[GIVEN RECORDS]
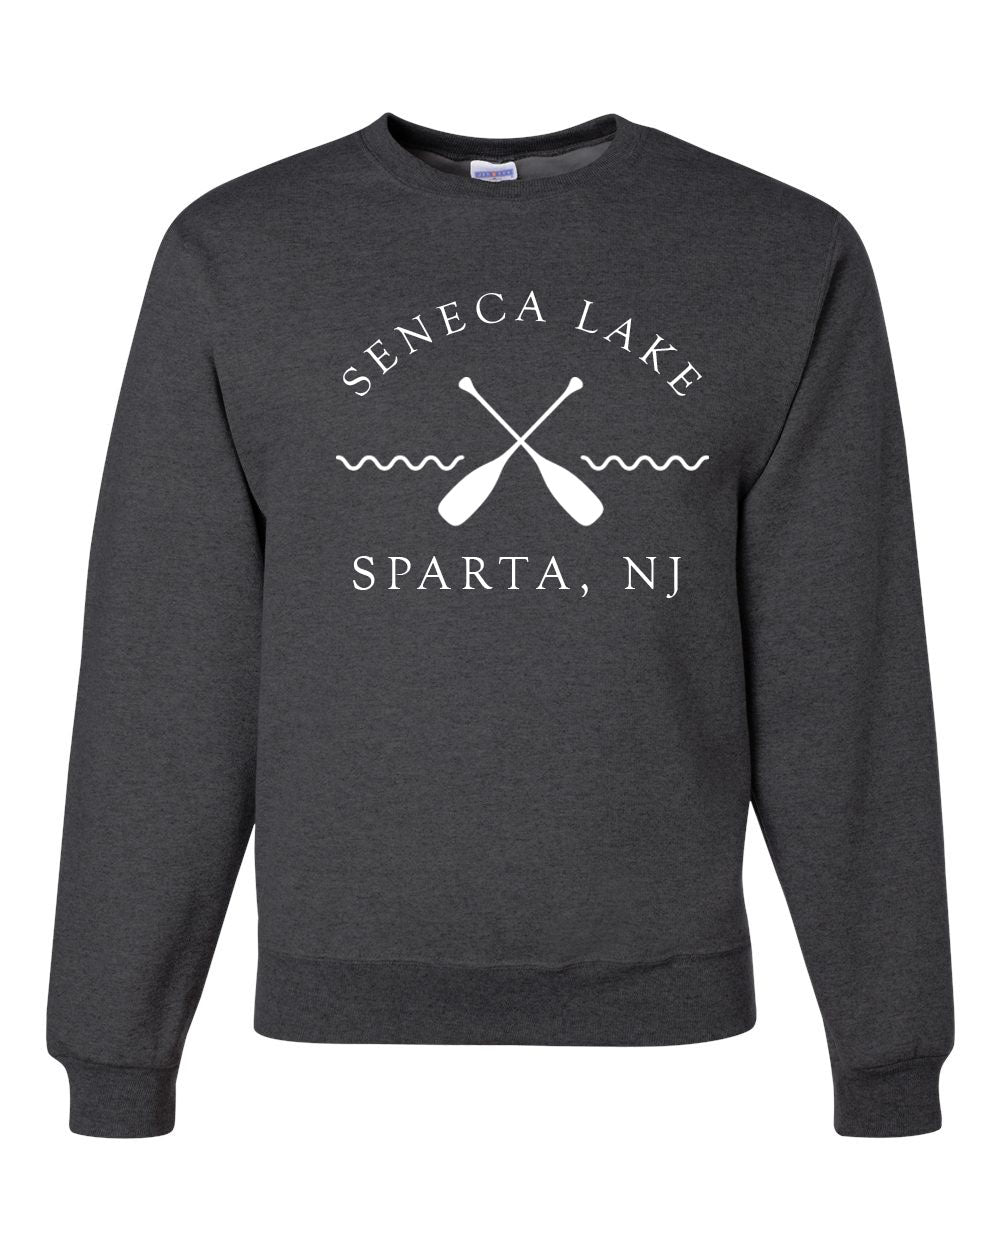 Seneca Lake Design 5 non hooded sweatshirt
[/GIVEN RECORDS]
[GIVEN RECORDS]
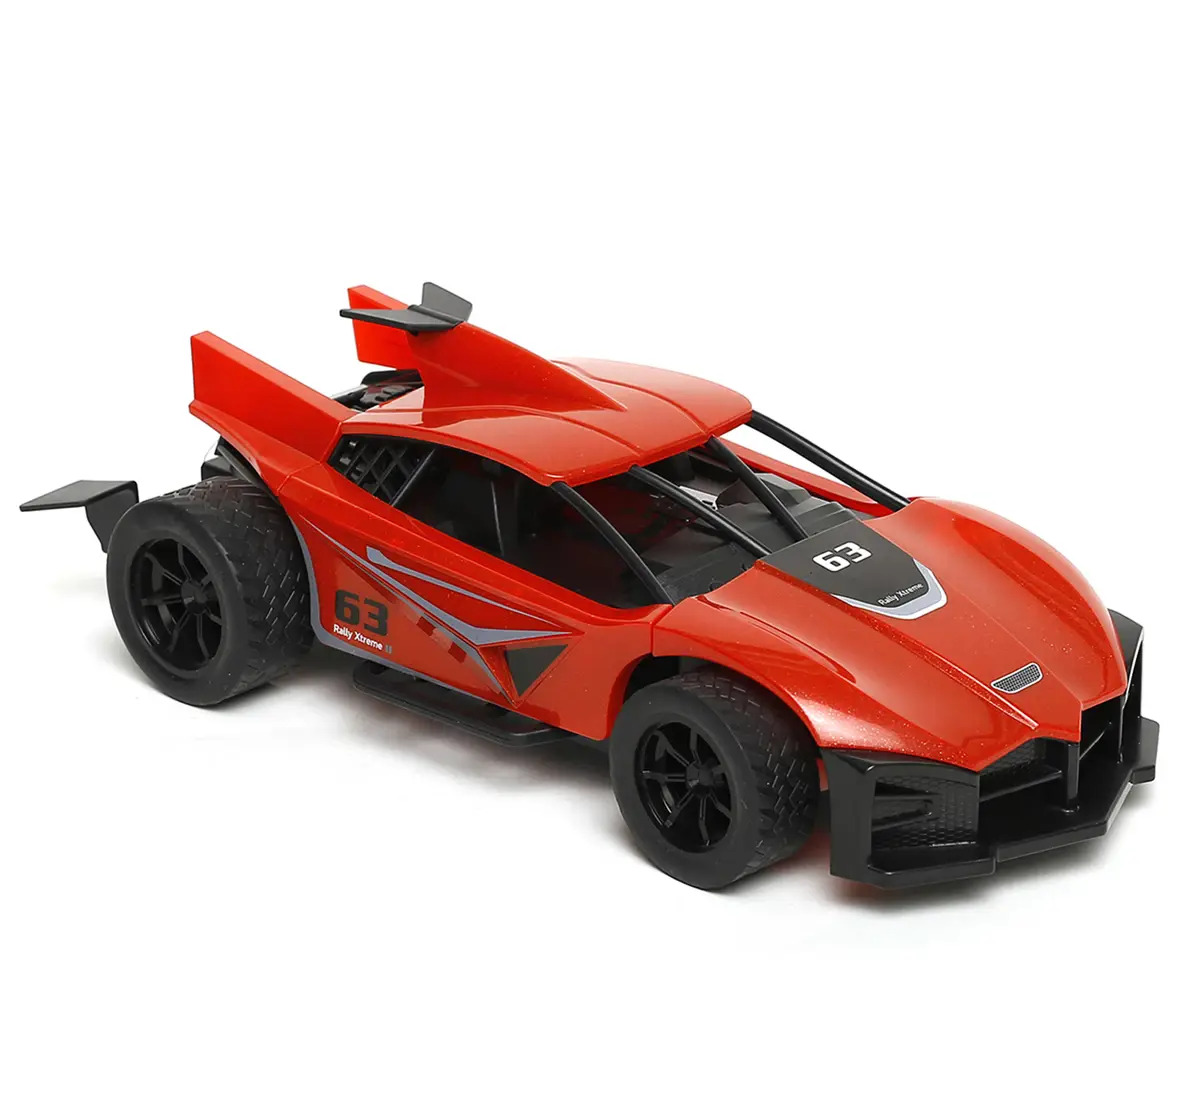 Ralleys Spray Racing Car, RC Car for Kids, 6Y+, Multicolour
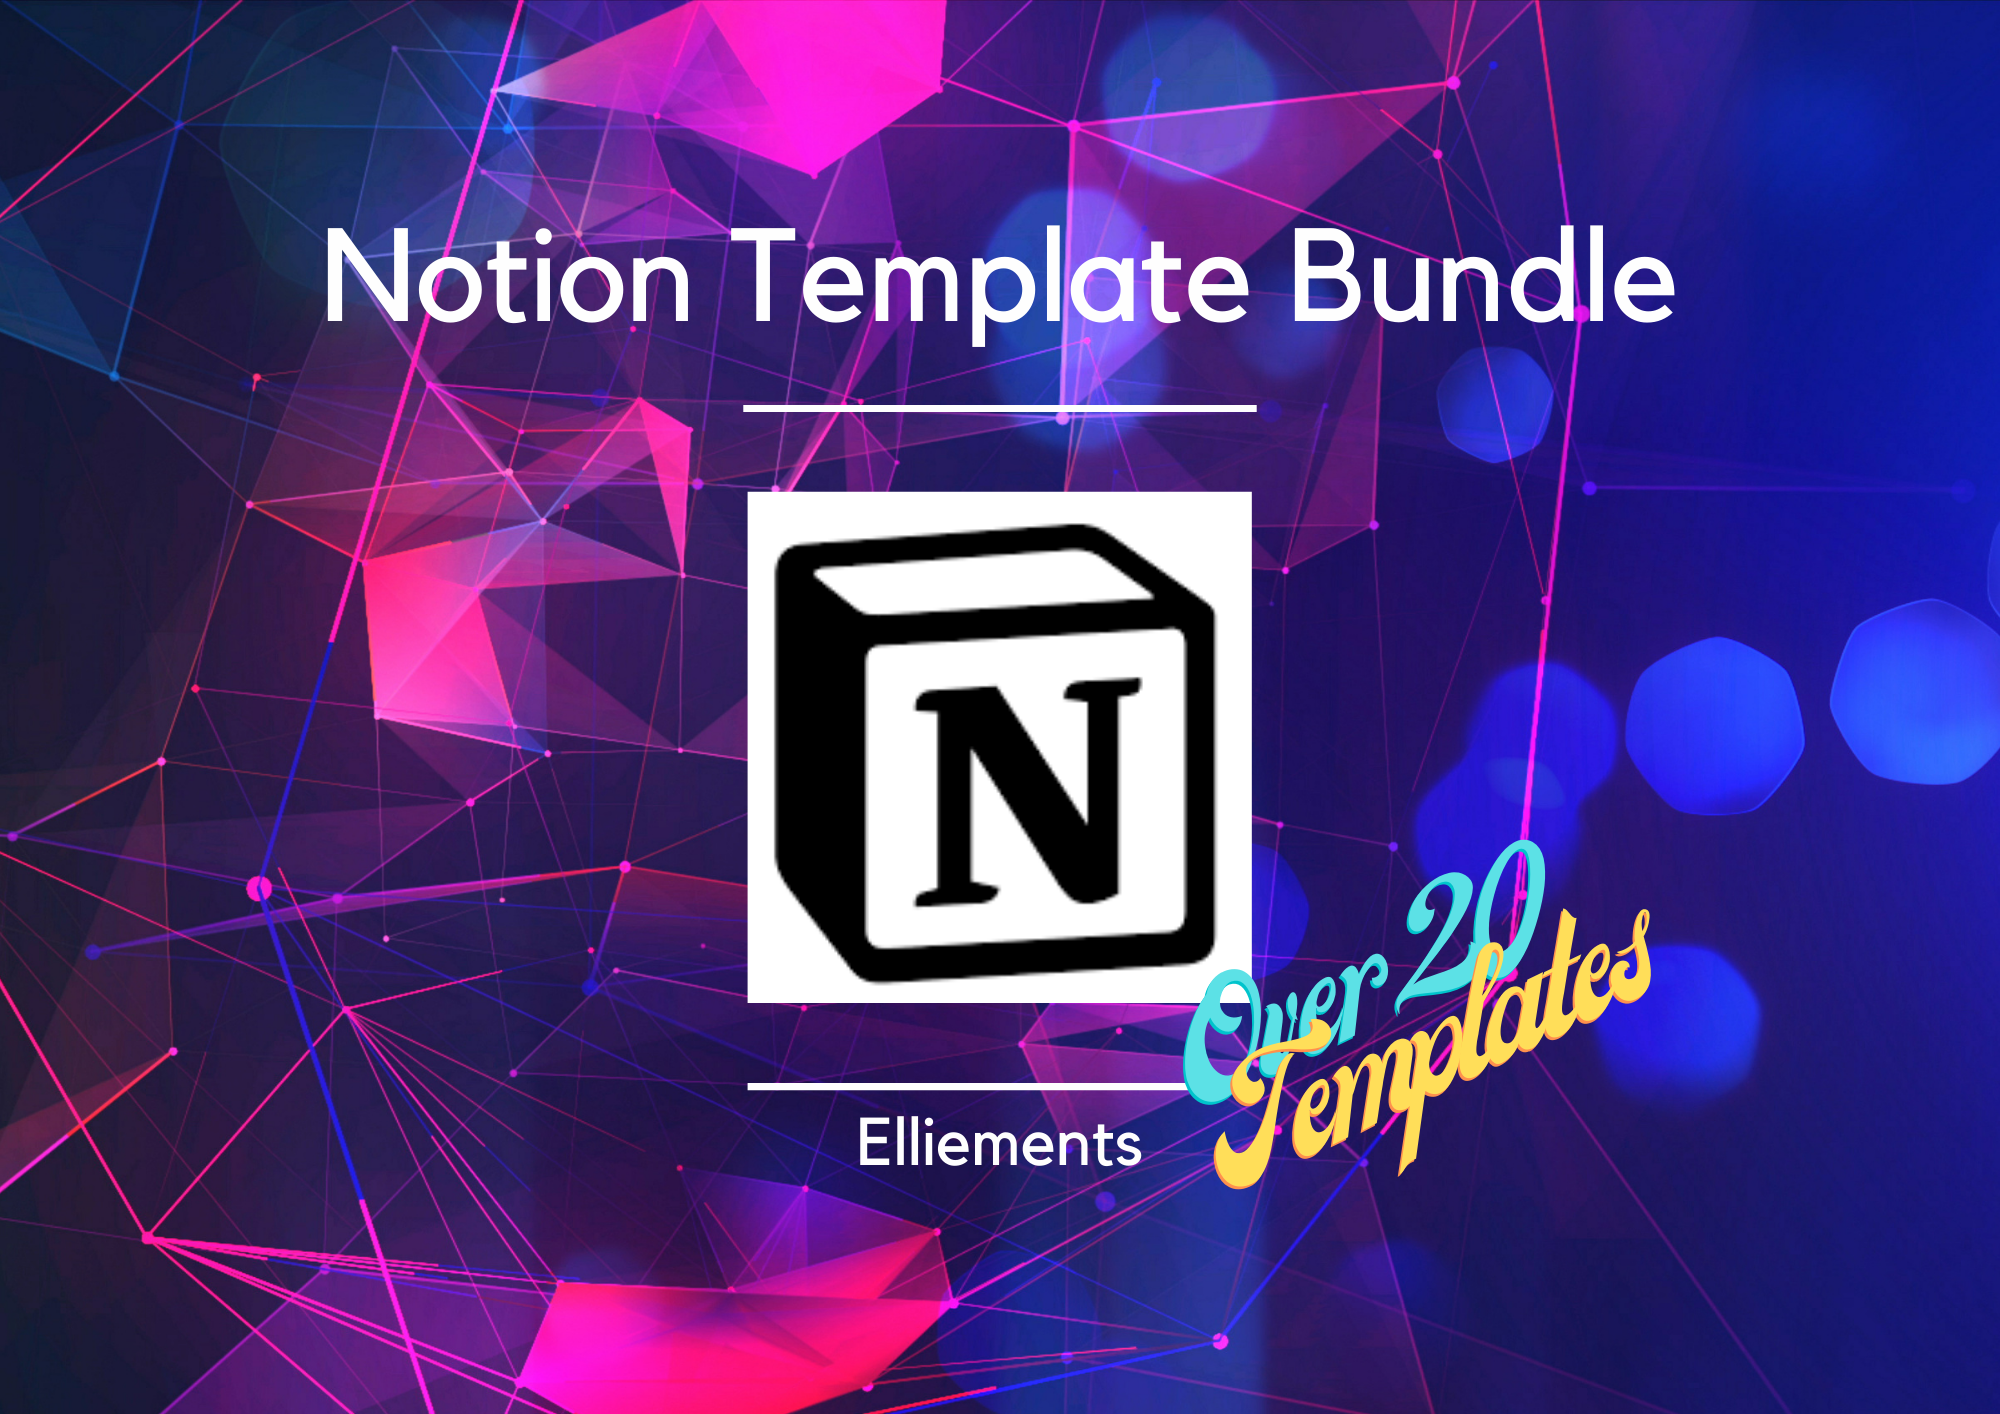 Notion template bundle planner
[/GIVEN RECORDS]
> _TO DO_:
Using the listing above, reproduce word for word every line from the one containing "Ralleys Spray Racing" through the one containing "Notion template bundle planner". Pictures must be left out.

> _EXPECTED ANSWER_:
 Ralleys Spray Racing Car, RC Car for Kids, 6Y+, Multicolour
 Notion template bundle planner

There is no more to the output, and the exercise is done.